Sh4pe commented 3 years ago

I stumbled upon a case where the LassoRegressor from MLJLinearModels apparantly fails to solve a problem that can be solved using the ScikitLearn version.

In order to reproduce the bug, use the code from my repo MLJLinearModels_bug, especially the test DataFrame here.

In the following code, I solve the same problem twice, but the MLJLinearModels version returns the null vector.

using DataFrames
using MLJ
using CSV
using GZip

load_df() = GZip.open("data.csv.gz") |> CSV.read

function test_lasso(df, the_model)
    y, X = unpack(df, ==(:y), !=(:y))

    the_machine = machine(the_model, X, y)
    train, test = partition(eachindex(y), 0.7, shuffle=false)
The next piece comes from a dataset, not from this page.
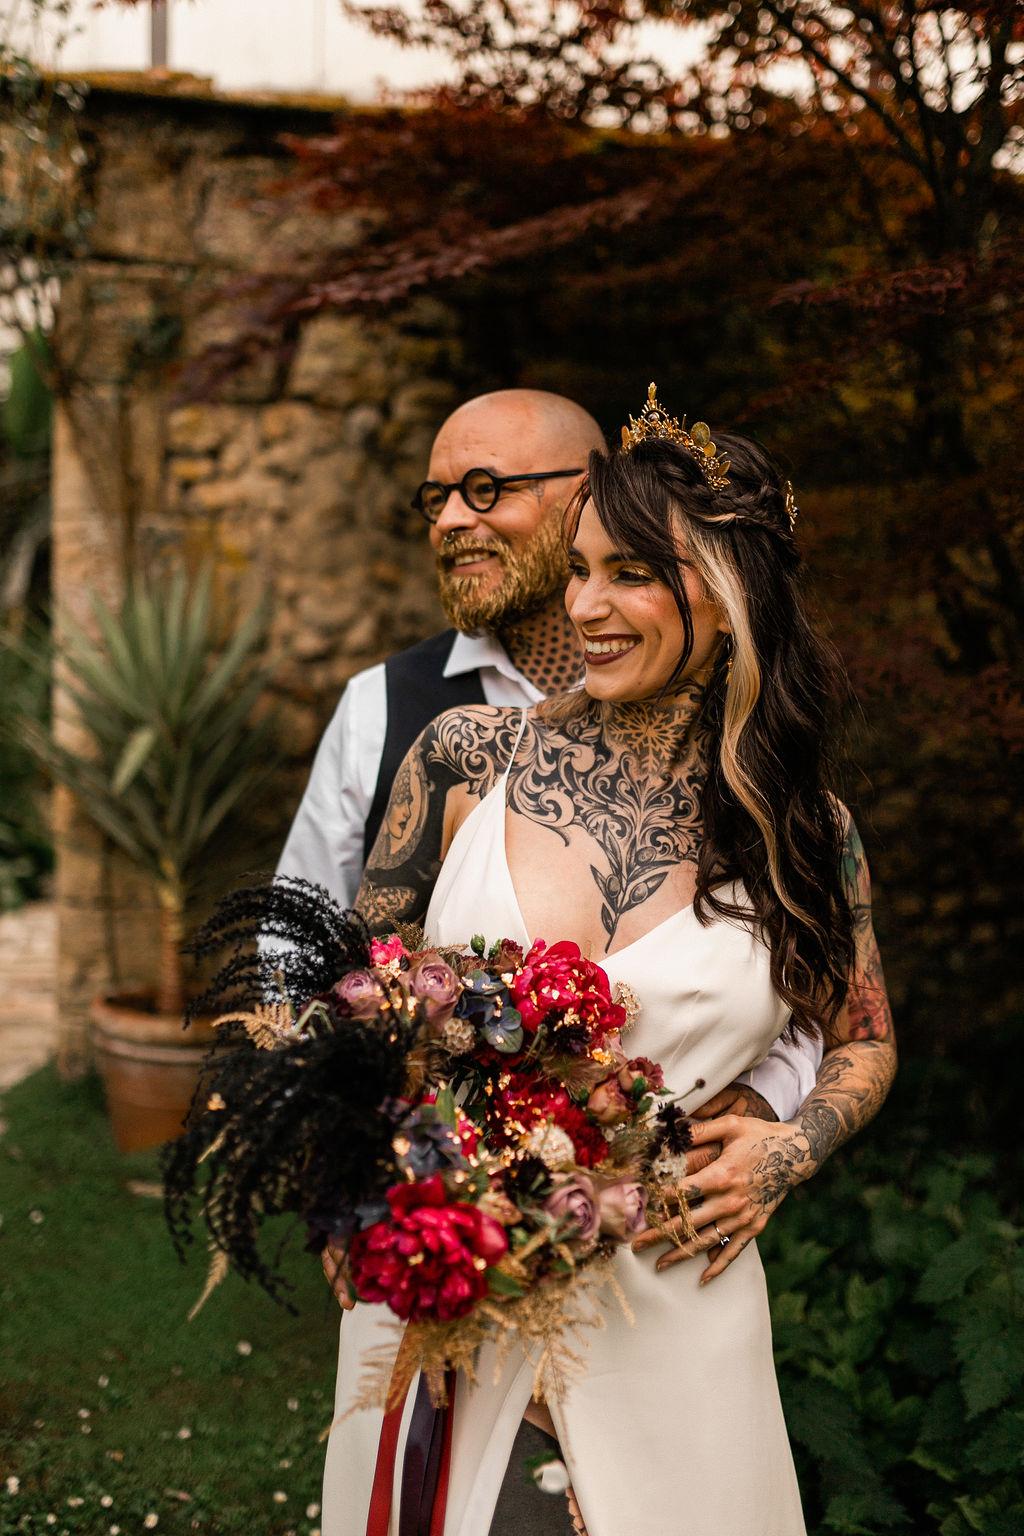 tattooed bride and groom - alternative wedding style - alternative wedding bouquet
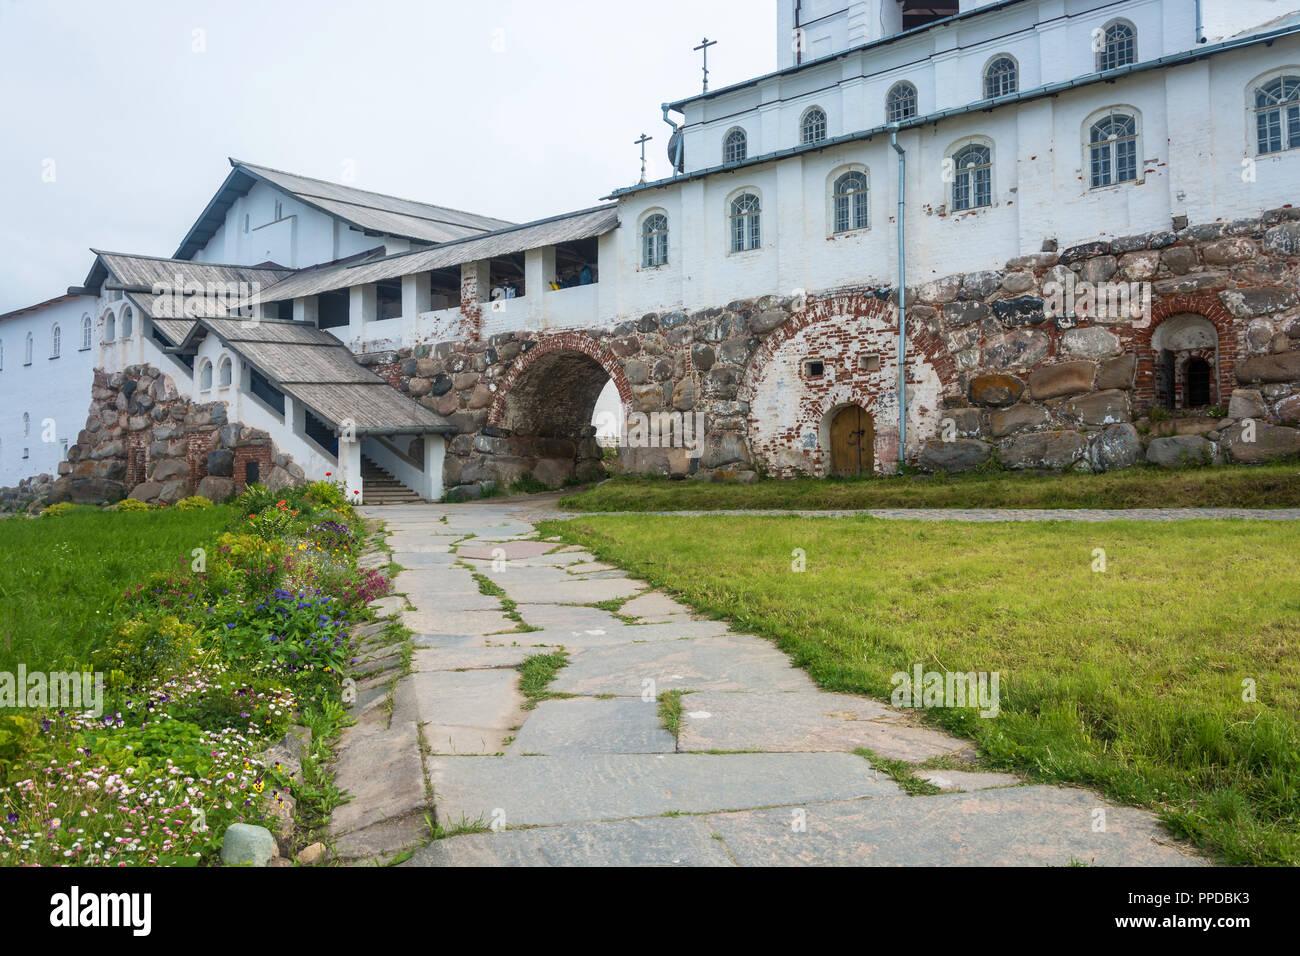 In the courtyard of the Spaso-Preobrazhensky Solovetsky monastery, Arkhangelsk oblast, Russia. Stock Photo

    fit!(the_machine, rows=train)

    ŷ = MLJ.predict(the_machine, rows=test)

    unique(ŷ)
end

@load LassoRegressor pkg="MLJLinearModels" name=LassoRegressorMLJ
@load LassoRegressor pkg="ScikitLearn" name=LassoRegressorSKLearn

let
    df = load_df()

    if test_lasso(df, LassoRegressorMLJ()) == [0.0]
        println("LassoRegressor from MLJLinearModels returns the null vector...")
    end

    if test_lasso(df, LassoRegressorSKLearn()) != [0.0]
        println("whereas the LassoRegressor from ScikitLearn returns a vector != 0")
    end
end

Also note that the solver spits out this warning:

[ Info: Training Machine{LassoRegressor} @638.
┌ Warning: No appropriate stepsize found via backtracking; interrupting.
└ @ MLJLinearModels ~/.julia/packages/MLJLinearModels/EIj86/src/fit/proxgrad.jl:50
┌ Warning: Proximal GD did not converge in 1000 iterations.
└ @ MLJLinearModels ~/.julia/packages/MLJLinearModels/EIj86/src/fit/proxgrad.jl:64

I'd expect the MLJLinearModels version to return a vector != 0 as well. This appears to be a bug.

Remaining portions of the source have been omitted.